BUG: scheduling while atomic: softirq-rcu/3/0x00000004/52, CPU#3
Call Trace:
<#DB> [<ffffffff81033555>] __schedule_bug+0x4b/0x4f
[<ffffffff8128b414>] __sched_text_start+0xcc/0xaaa
[<ffffffff8100b574>] dump_trace+0x248/0x25d
[<ffffffff81068334>] print_traces+0x9/0xb
[<ffffffff8100b5e5>] show_trace+0x5c/0x64
[<ffffffff8128c1c2>] schedule+0xe4/0x104
[<ffffffff8128d10c>] rt_spin_lock_slowlock+0xfc/0x19e
[<ffffffff8128d9de>] __rt_spin_lock+0x1f/0x21
[<ffffffff8128d9e9>] rt_spin_lock+0x9/0xb
[<ffffffff8128b511>] __sched_text_start+0x1c9/0xaaa
[<ffffffff8128f8ee>] kprobe_handler+0x1b3/0x1f5
[<ffffffff8128f96b>] kprobe_exceptions_notify+0x3b/0x7f
[<ffffffff81290604>] notifier_call_chain+0x33/0x5b
[<ffffffff810461d5>] __raw_notifier_call_chain+0x9/0xb
[<ffffffff810461e6>] raw_notifier_call_chain+0xf/0x11
[<ffffffff8105098b>] notify_die+0x2e/0x33
[<ffffffff8128ef6d>] do_int3+0x30/0x8d
[<ffffffff8128e8a3>] int3+0x93/0xb0
[<ffffffff8128b512>] __sched_text_start+0x1ca/0xaaa
<<EOE>> [<ffffffff8107b585>] __free_pages+0x18/0x21
[<ffffffff8107b5e3>] free_pages+0x55/0x5a
[<ffffffff8109945d>] kmem_freepages+0x112/0x11b
[<ffffffff8128c1c2>] schedule+0xe4/0x104
[<ffffffff8103edf5>] ksoftirqd+0xbc/0x26f
[<ffffffff8103ed39>] ksoftirqd+0x0/0x26f
[<ffffffff8103ed39>] ksoftirqd+0x0/0x26f
[<ffffffff8104c917>] kthread+0x49/0x76
[<ffffffff8100af18>] child_rip+0xa/0x12
[<ffffffff8128be67>] thread_return+0x75/0x1d5
[<ffffffff8104c8ce>] kthread+0x0/0x76
[<ffffffff8100af0e>] child_rip+0x0/0x12
Looks like printing the data in the tapset resulted in some lock
issues. The above script is ...I'd suggest to not put a probe into a preempt-off section - put it to the beginning and to the end of schedule() to capture context-switches. _stp_print_flush() is in the systemtap-generated module, right? Maybe the problem is resolved by changing that spinlock to use raw_spinlock_t / DEFINE_RAW_SPIN_LOCK. Ingo -
Yes, _stp_print_flush is in the systemtap-generated kprobe module. Placing the probe at the beginning of schedule() also has the same -- Regards, Ankita Garg (ankita@in.ibm.com) Linux Technology Center IBM India Systems & Technology Labs, Bangalore, India -
could you send us that module source ST generates? Perhaps there are preempt_disable() (or local_irq_disable()) calls in it too. Ingo -
Attaching the generated module as it is huge...

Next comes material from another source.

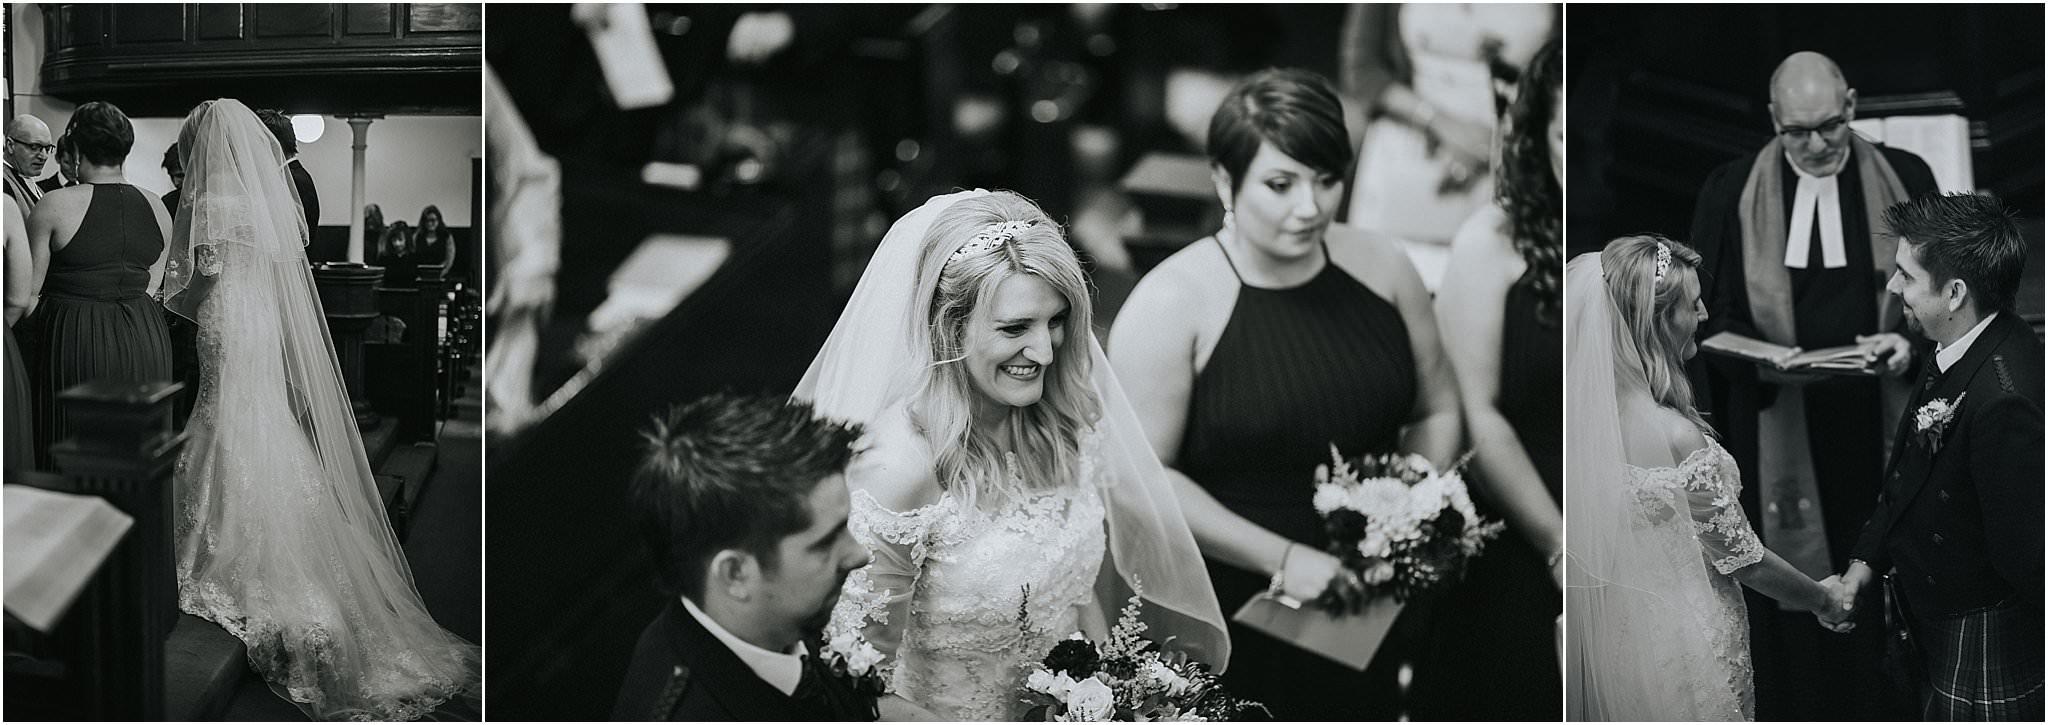 janie-garry-wedding19.jpg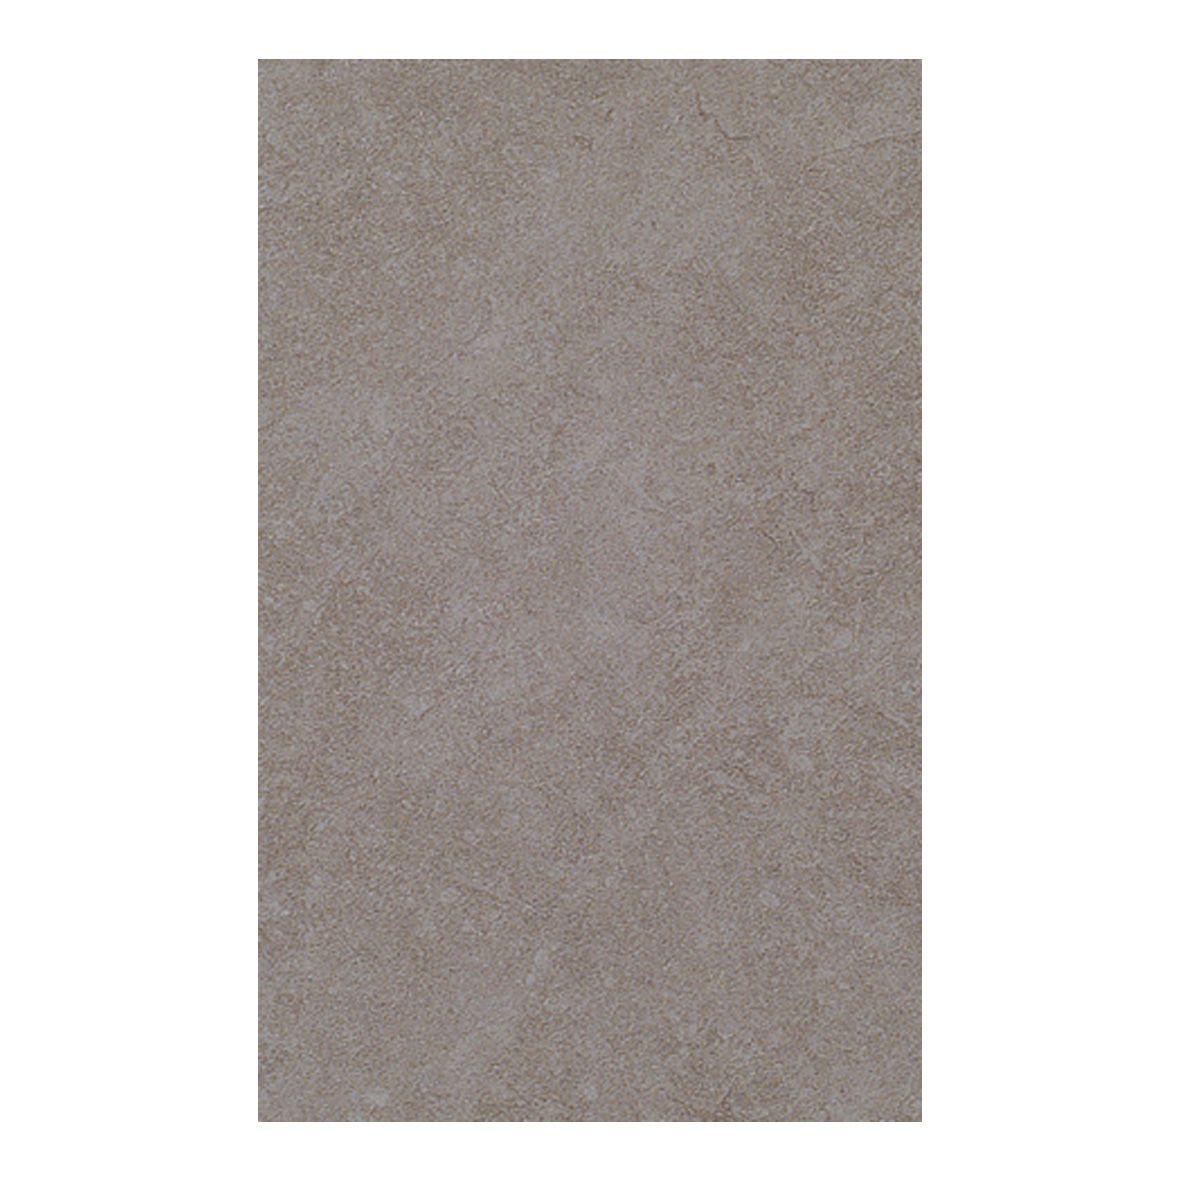 Vitra marfil light grey bathroom kitchen wall tiles gemini vitra tiles marfil range light grey grey light grey glazed ceramic suitable for wall and used in bathroom kitchen from ceramic tile distributors doublecrazyfo Choice Image

Looks like SystemTap makes use of relayfs for printing the buffer
contents. The _stp_print_flush() (line 269 in the attached module) implemented
in the systemtap library function as calling the following:
static int _stp_relay_write (const void *data, unsigned length)
{
unsigned long flags;
struct rchan_buf *buf;
if (unlikely(length == 0))
return 0;
local_irq_save(flags);
buf = _stp_chan->buf[smp_processor_id()];
if (unlikely(buf->offset + length > _stp_chan->subbuf_size))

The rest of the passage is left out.